Problem to solve: Your response is a verbatim copy of the listing, stripped of its images.

Given data:
——

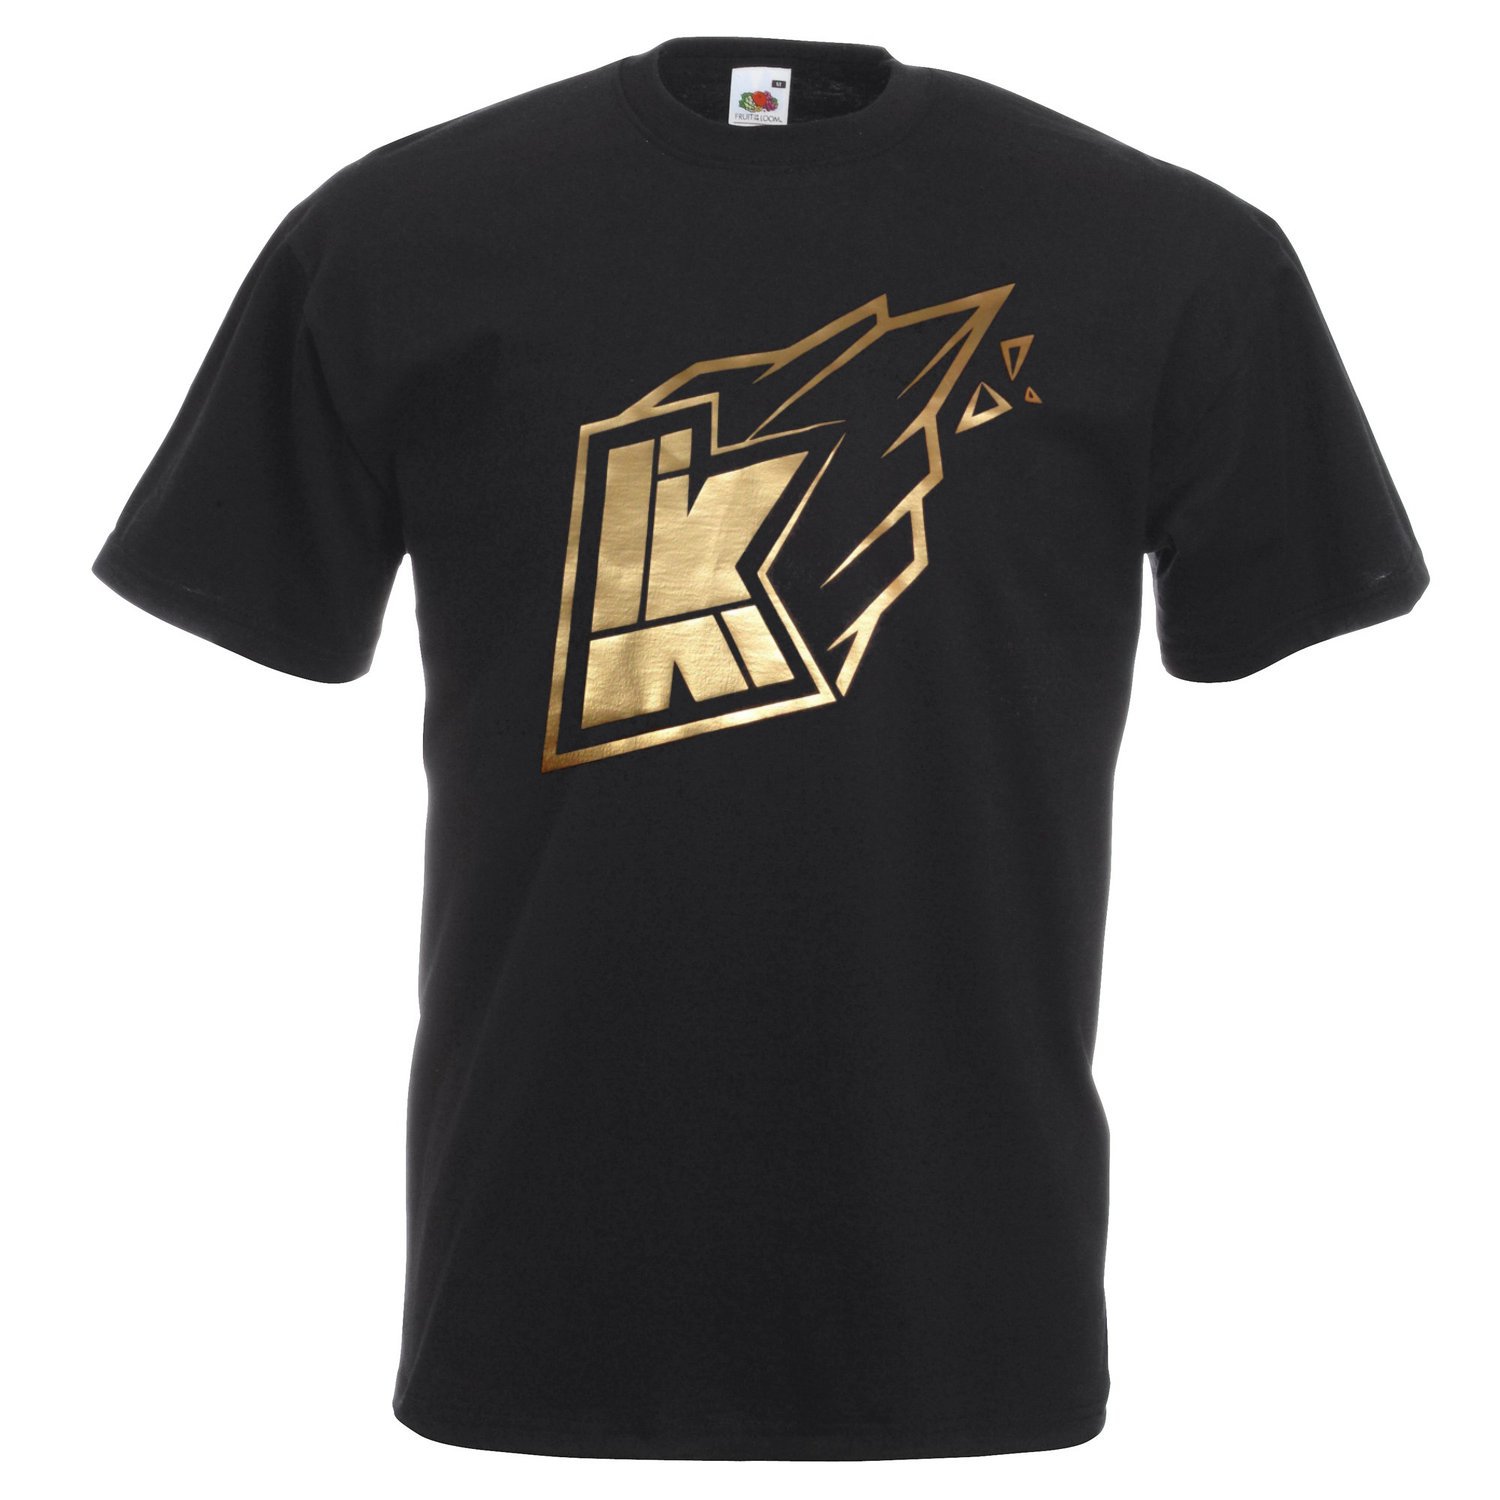 Kwebbelkop logo youtube, limited edition gold Inspired T-shirt, Men, Size M
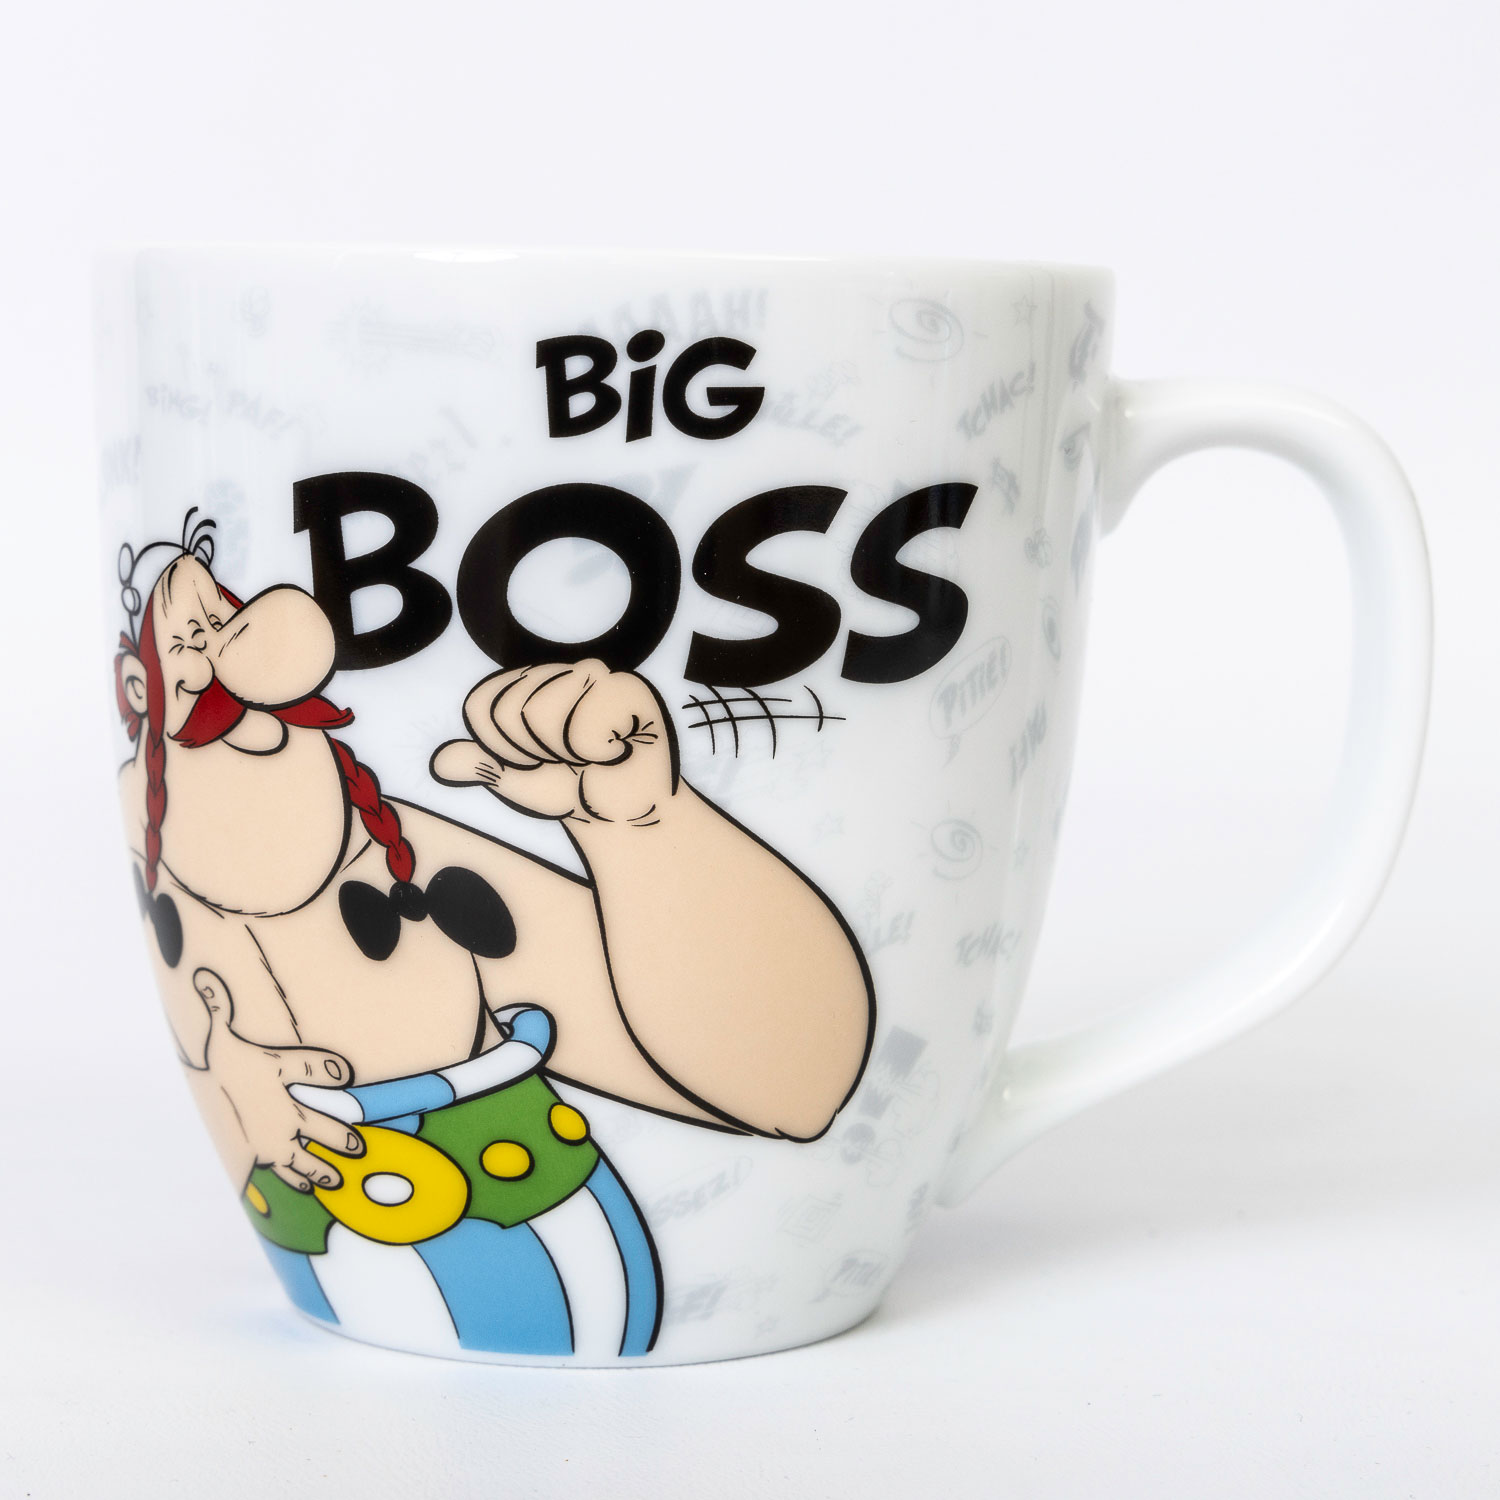 Uderzo mug : Asterix and Obelix : Big boss (detail 1)
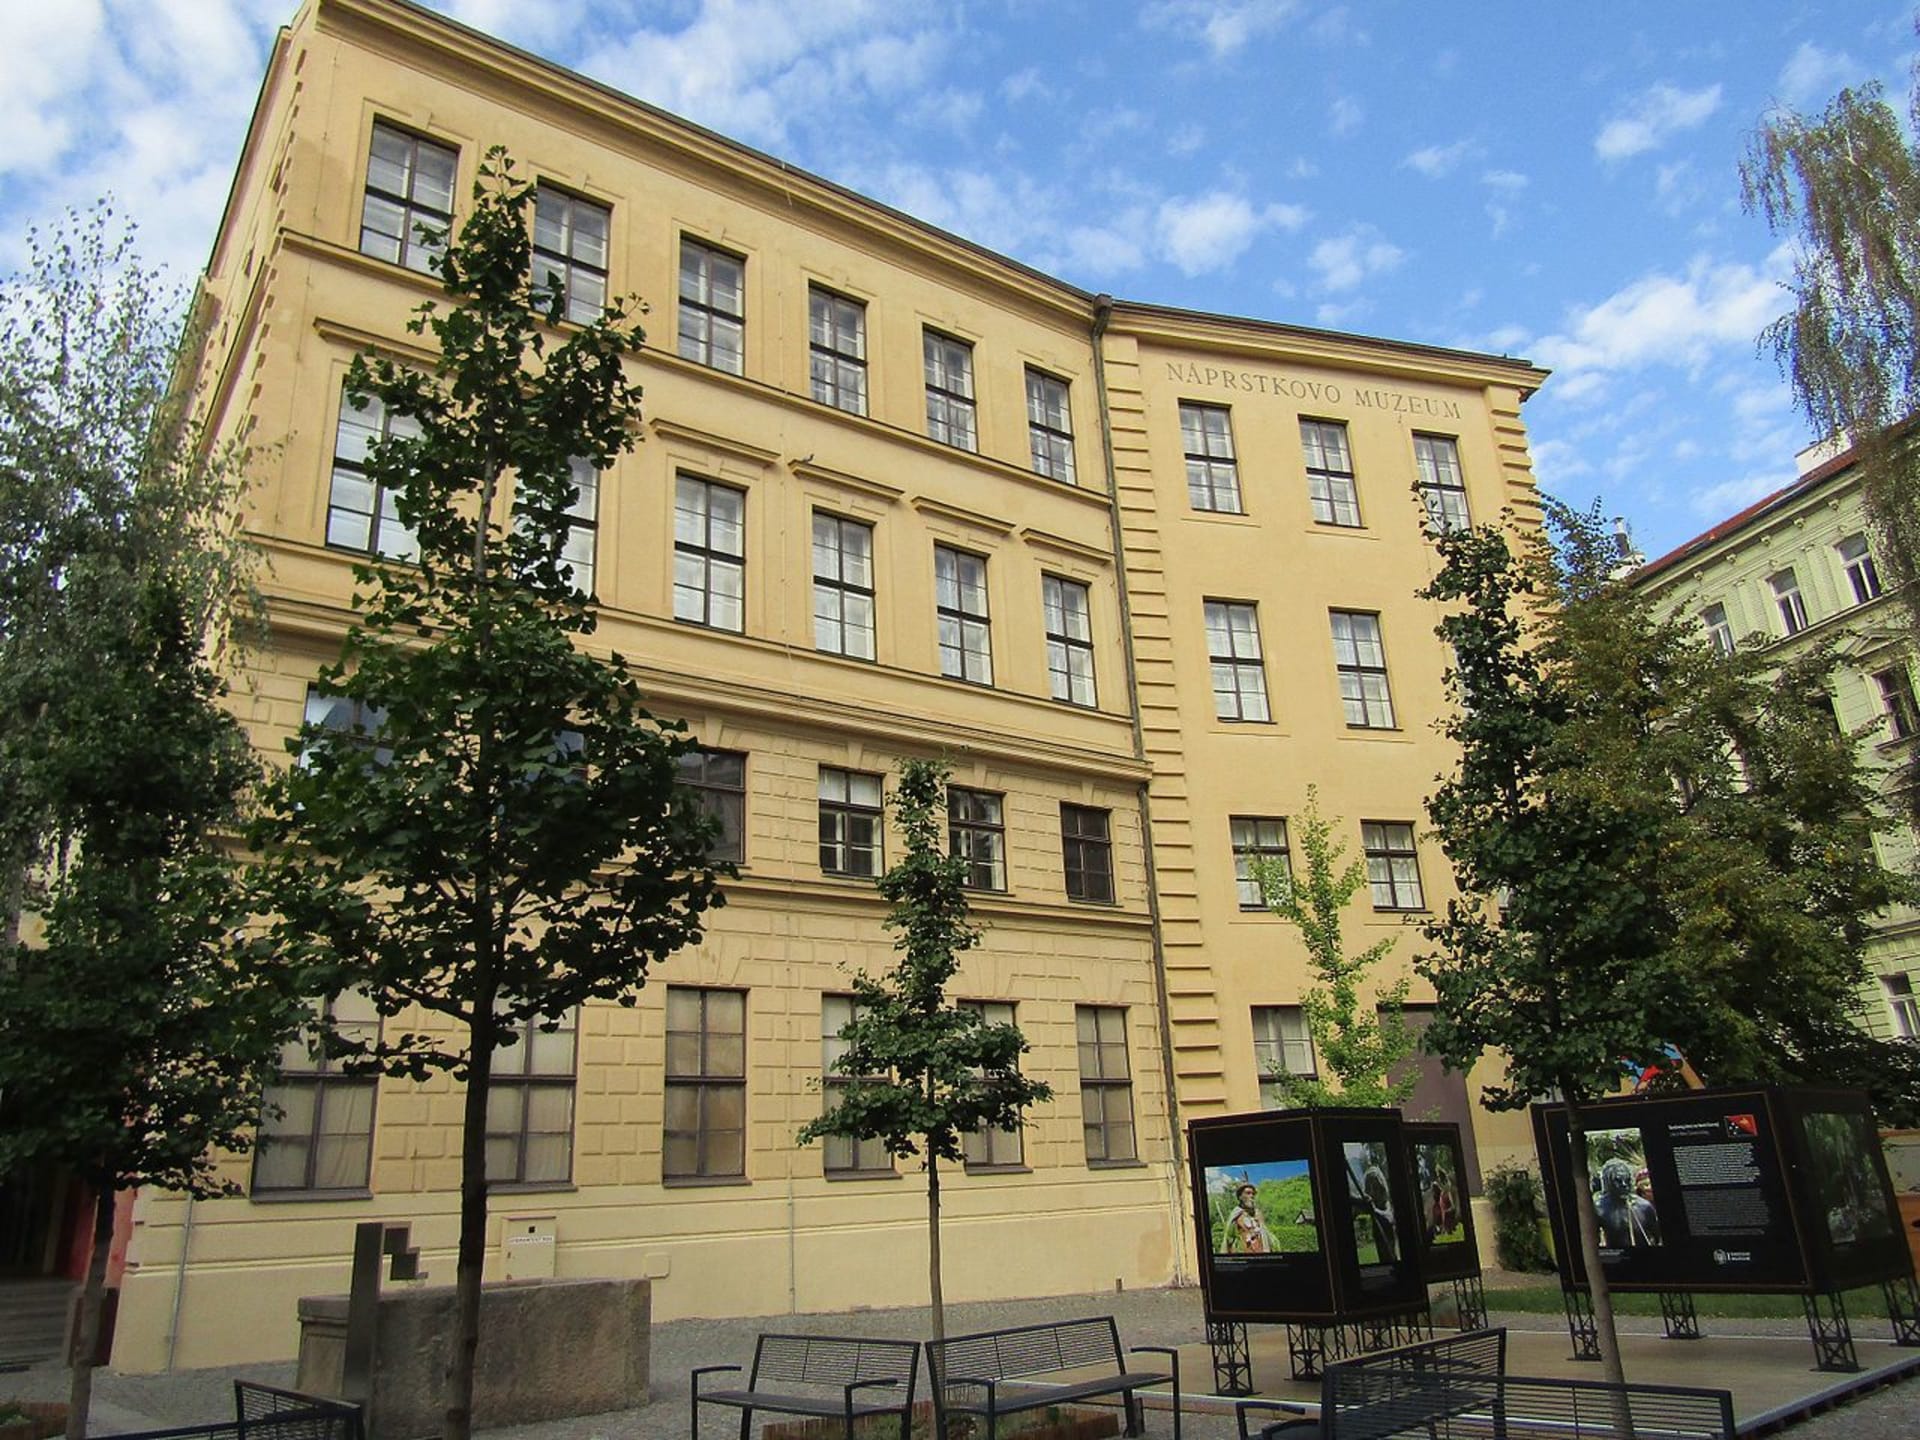 Budova náprstkova muzea v Praze

——

Response to the exercise:
 Kwebbelkop logo youtube, limited edition gold Inspired T-shirt, Men, Size M
 Uderzo mug : Asterix and Obelix : Big boss (detail 1)
 Budova náprstkova muzea v Praze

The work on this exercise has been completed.